13C NMR of Nephila clavipes major ampullate silk gland.

D H Hijirida 1, K G Do 1, C Michal 1, S Wong 1, D Zax 1, L W Jelinski 1
PMCID: PMC1233831  PMID: 8968613

Abstract

The major ampullate glands of the spider Nephila clavipes contain approximately 0.2 microliter each of a highly concentrated (approximately 50%) solution of silk fibroin. Therefore, the reservoir of silk in these glands presents an ideal opportunity to observe prefolded conformations of a protein in its native state. To this end, the structure and conformation of major ampullate gland silk fibroin within the glands of the spider N. clavipes were examined by 13C NMR spectroscopy. These results were compared to those from silk protein first drawn from the spinneret and then denatured.
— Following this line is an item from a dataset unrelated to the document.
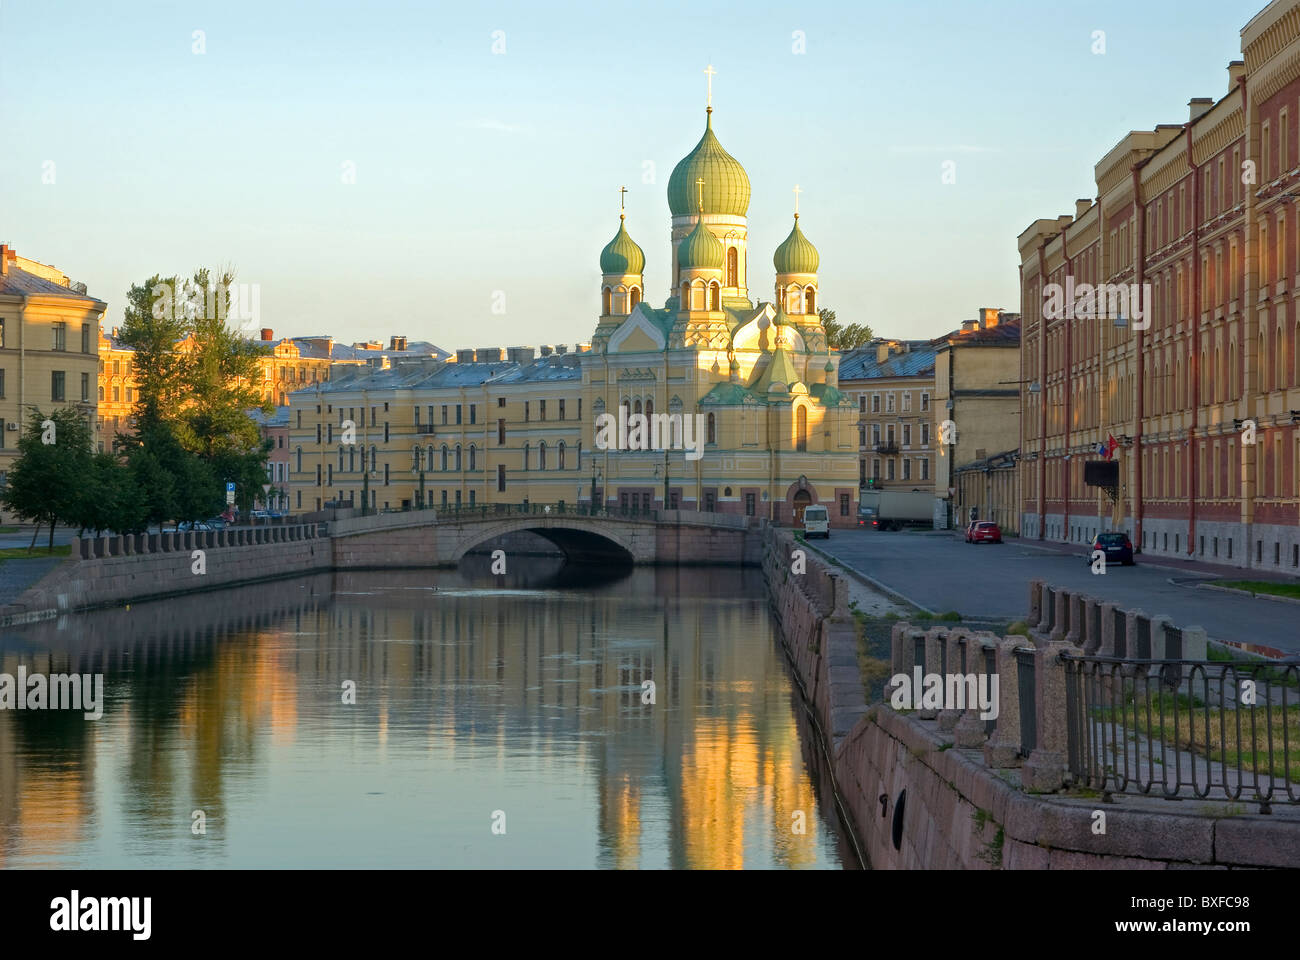 Amanecer en San Petersburgo. La iglesia y el puente sobre el canal Ggiboedov, Petersburg, Rusia Foto de stock

The 13C NMR chemical shifts, along with infrared and circular dichroism data, suggest that the silk fibroin in the glands exists in dynamically averaged helical conformations. Furthermore, there is no evidence of proline residues in U-(13)C-D-glucose-labeled silk. This transient prefolded "molten fibril" state may correspond to the silk I form found in Bombyx mori silk. There is no evidence of the final beta-sheet structure in the ampullate gland silk fibroin before final silk processing. However, the conformation of silk in the glands appears to be in a highly metastable state, as plasticization with water produces the beta-sheet structure. Therefore, the ducts connecting the ampullate glands to the spinnerets play a larger role in silk processing than previously thought.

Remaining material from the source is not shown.